Not a whiff of scandal has tarnished his reputation during his seven years of active duty in Belize, and if he has kept himself aloof from the hoi polloi, it is with good reason.

He became Chief Justice of Belize in succession to Justice Abdulai Conteh and has three more years to complete his tenure before mandatory retirement.
During his time with us, Chief Justice Benjamin has worked with vigour to bring about criminal justice reform and for a more adequate annual budget for the work of the Supreme Court in Belize. He has supervised the computerization of Supreme Court records and spoken up in favour of a witness protection program.
He has presided over the most crowded, most stressful times in the history of the Supreme Court of Belize.

We understand the predicament of the Belize Bar Association. Lawyers can’t make a decent living if the justice system does not move apace with the times. Justice delayed is justice denied!

But pace is only one aspect of Supreme Court work. A quicker pace is not to be pursued at the cost of thoroughness or care that the mills of justice which traditionally grind slowly, also grind exceedingly fine.
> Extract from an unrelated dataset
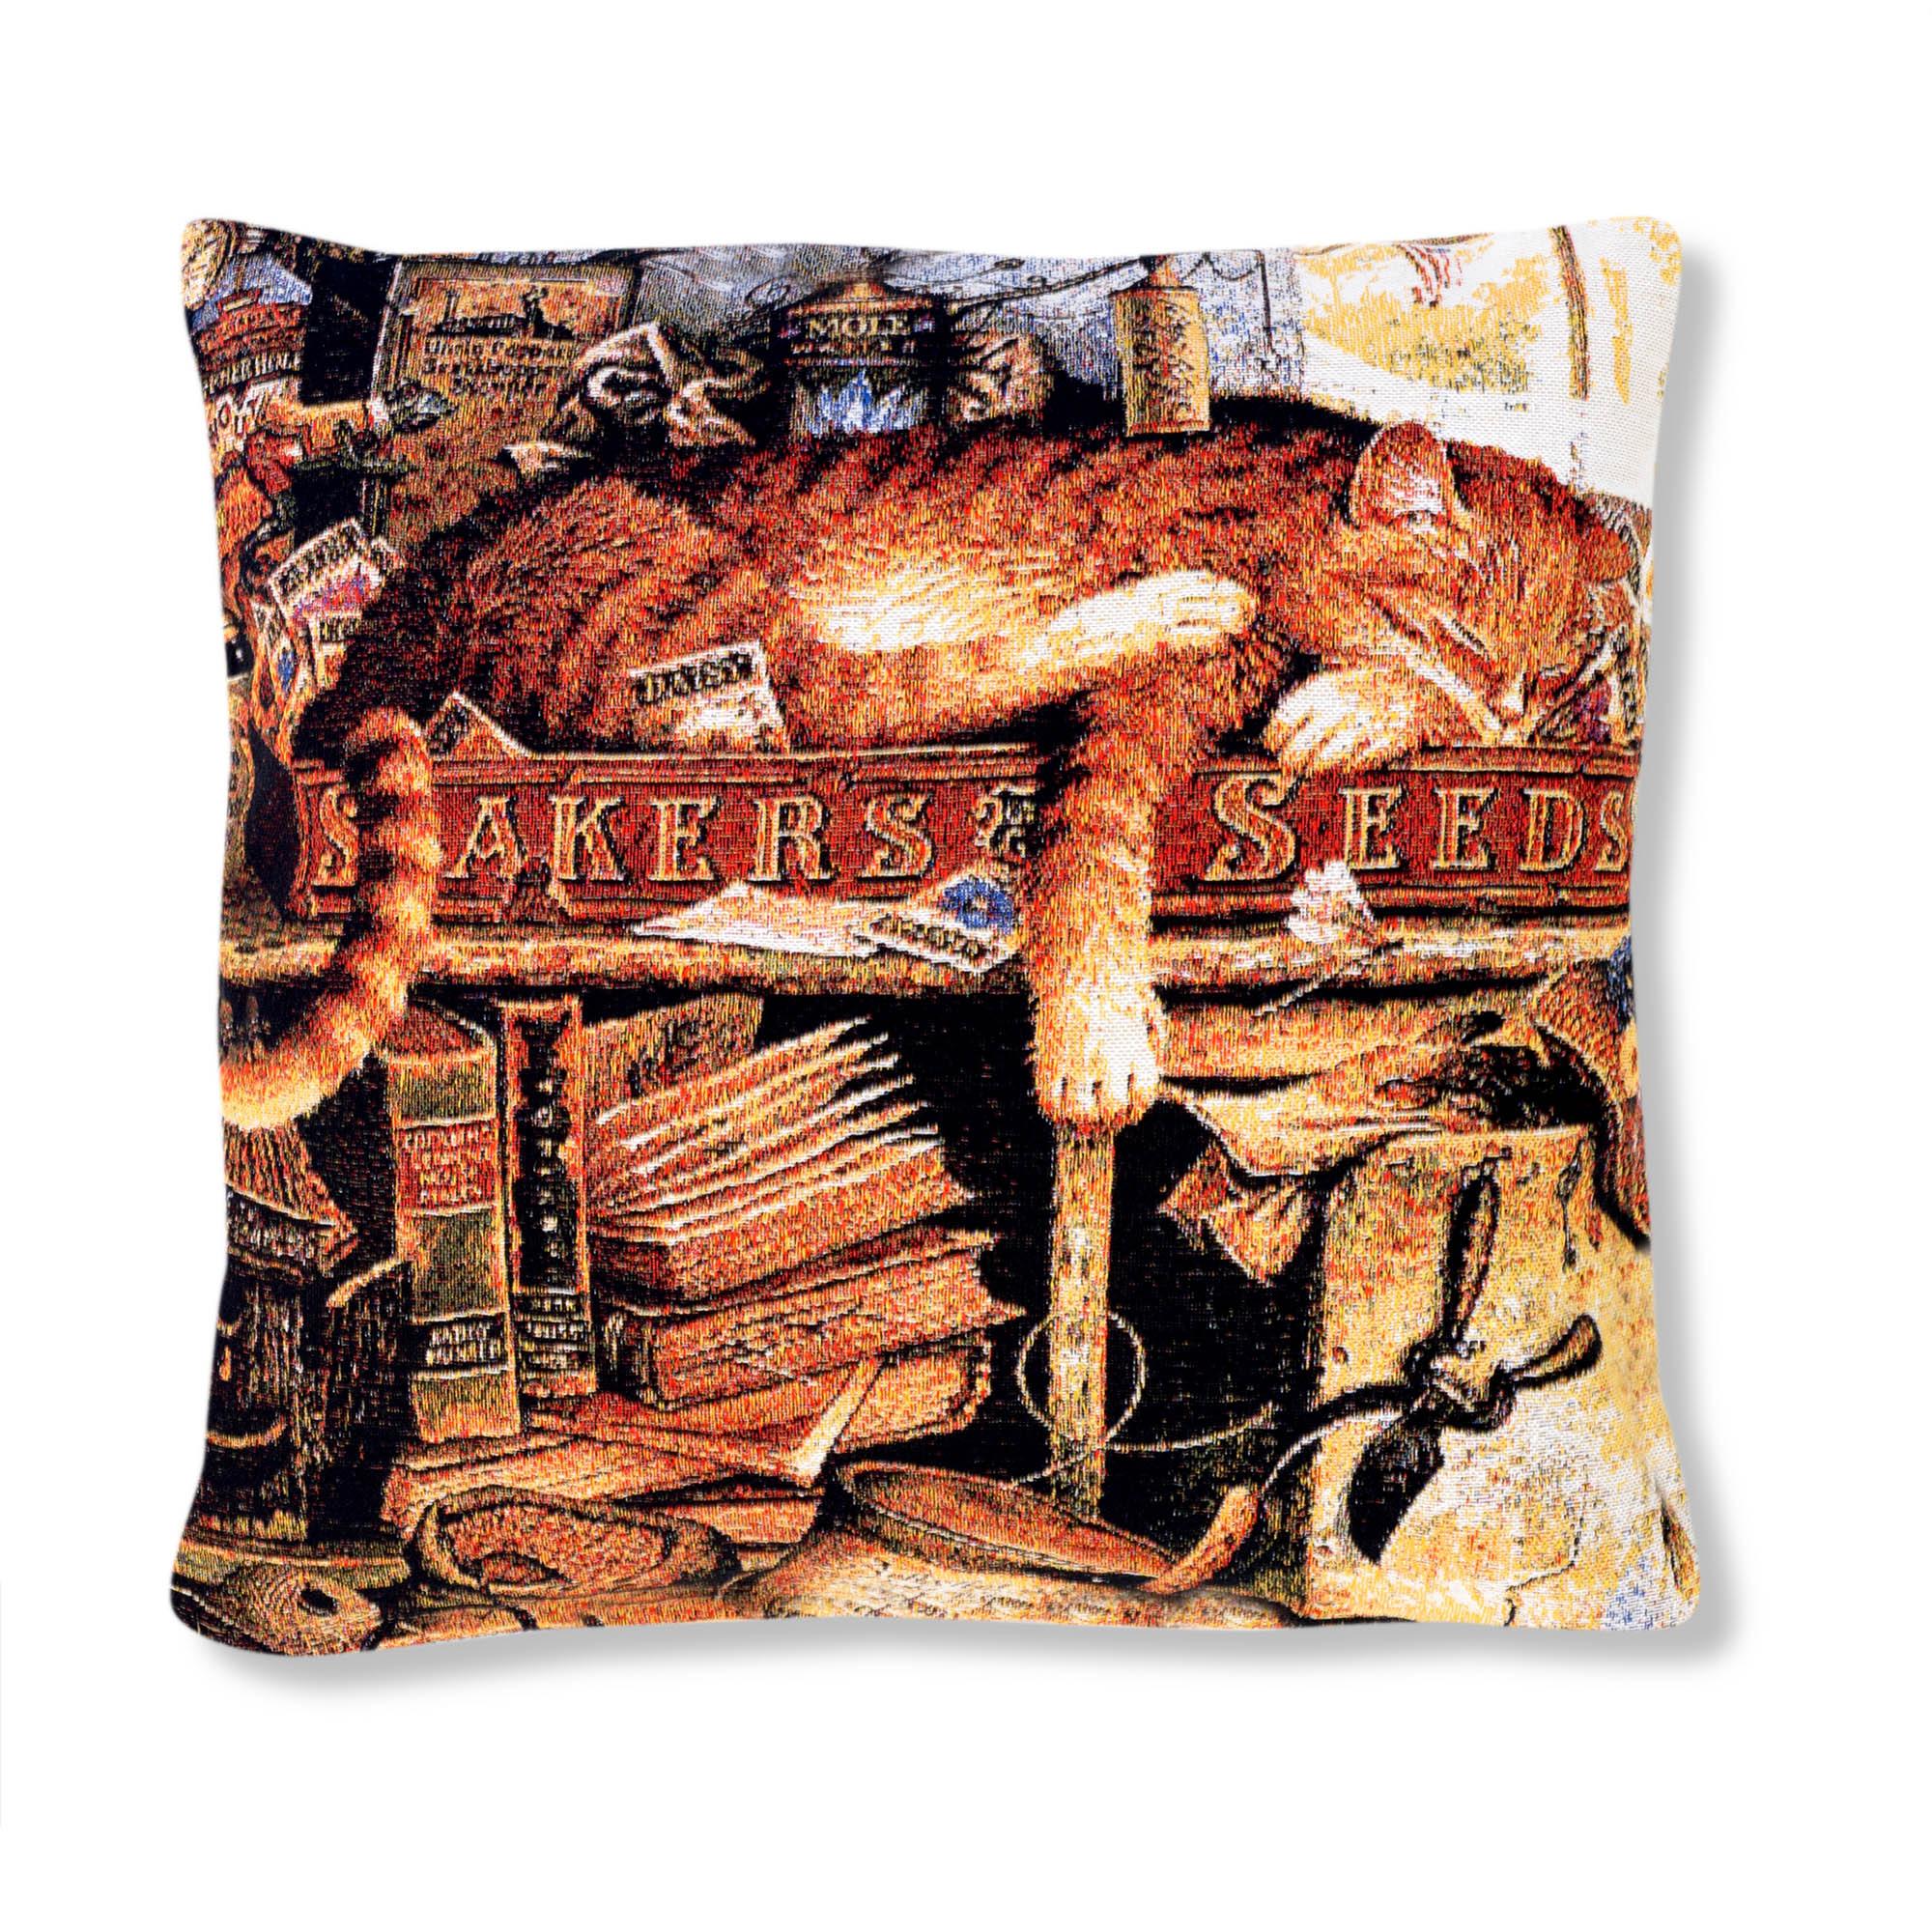 Декоративные подушки A La Gobelin Декоративная подушка Кот Рыбак (45х45) декоративные подушки оранжевый кот подушка игрушка медведь чистые погоны чистая совесть

We would like to suggest that the concern of the Belize Bar Association is misdirected. Instead of blaming the Chief Justice for the slow pace in an expanding environment, they should direct their concern to Belmopan, to provide one or two more justices to shoulder the extra load.

We feel confident that the Prime Minister, who is himself an attorney at law, will look with favour on their plight and respond as best he can under the circumstances.